(Supplied data Opens)
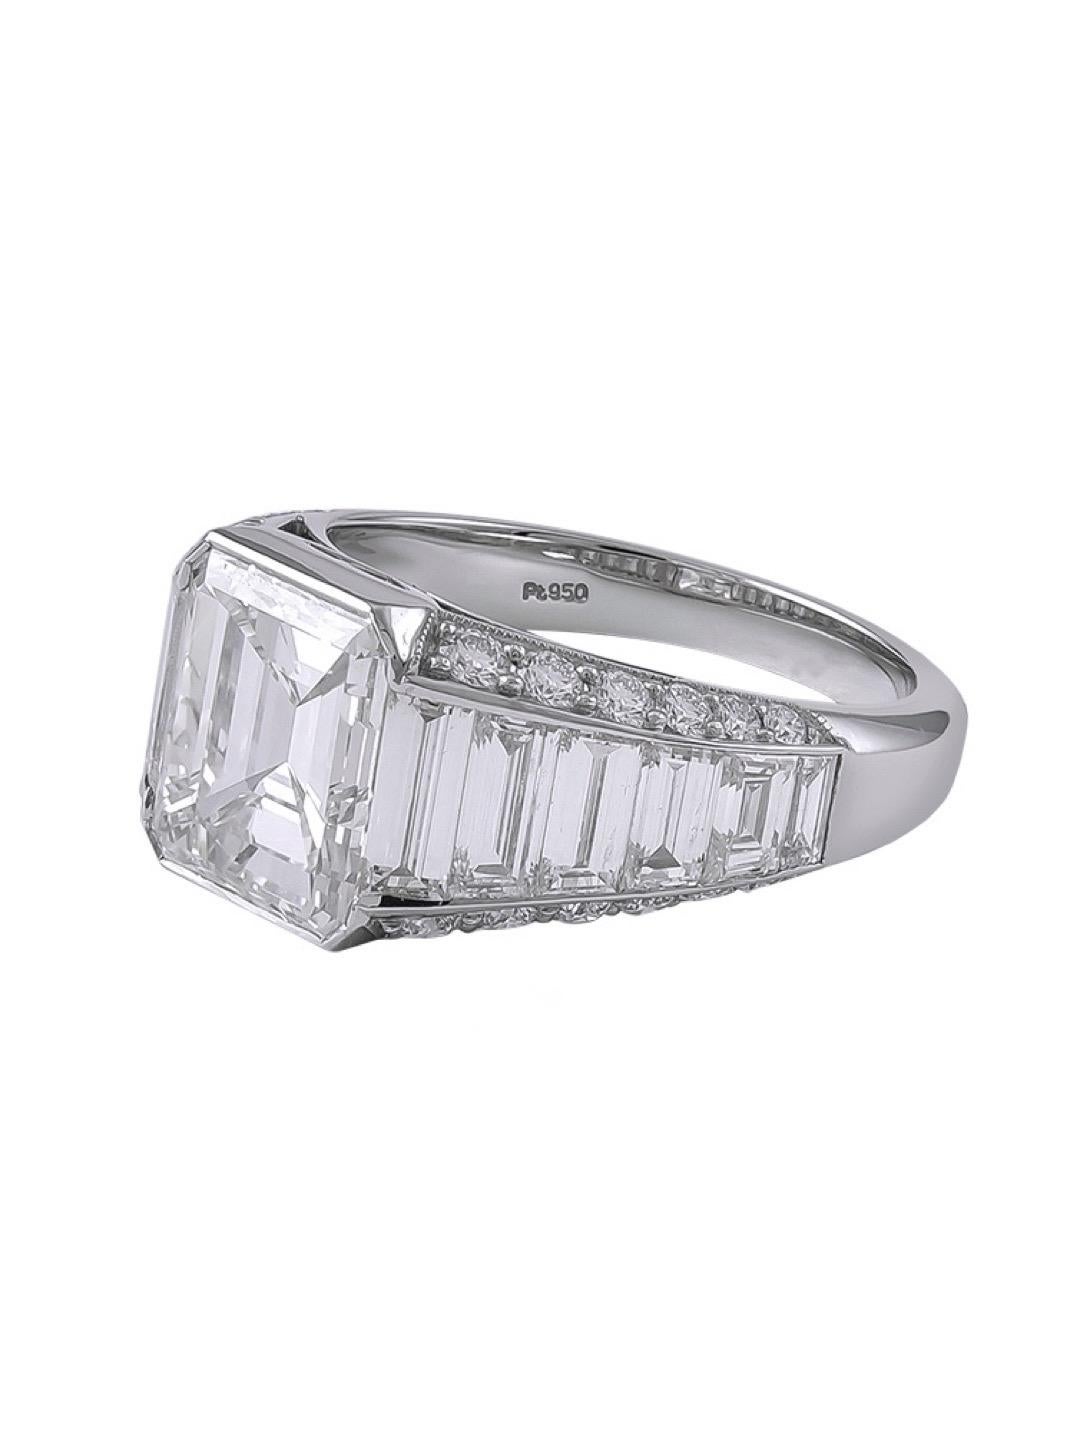 Une bague impeccable certifiée GIA de 3,01 carats de diamants taille émeraude avec une couleur et une clarté de I-VVS2 avec 2,16 carats de diamants taille baguette et 0,47 carat de petits diamants. 

Disponible pour le redimensionnement.

Sophia D
(Supplied data Closes)
Task prompt:
Apart from the pictures, all of the data must be duplicated exactly as shown above.

Task solution:
 Une bague impeccable certifiée GIA de 3,01 carats de diamants taille émeraude avec une couleur et une clarté de I-VVS2 avec 2,16 carats de diamants taille baguette et 0,47 carat de petits diamants. 

Disponible pour le redimensionnement.

Sophia D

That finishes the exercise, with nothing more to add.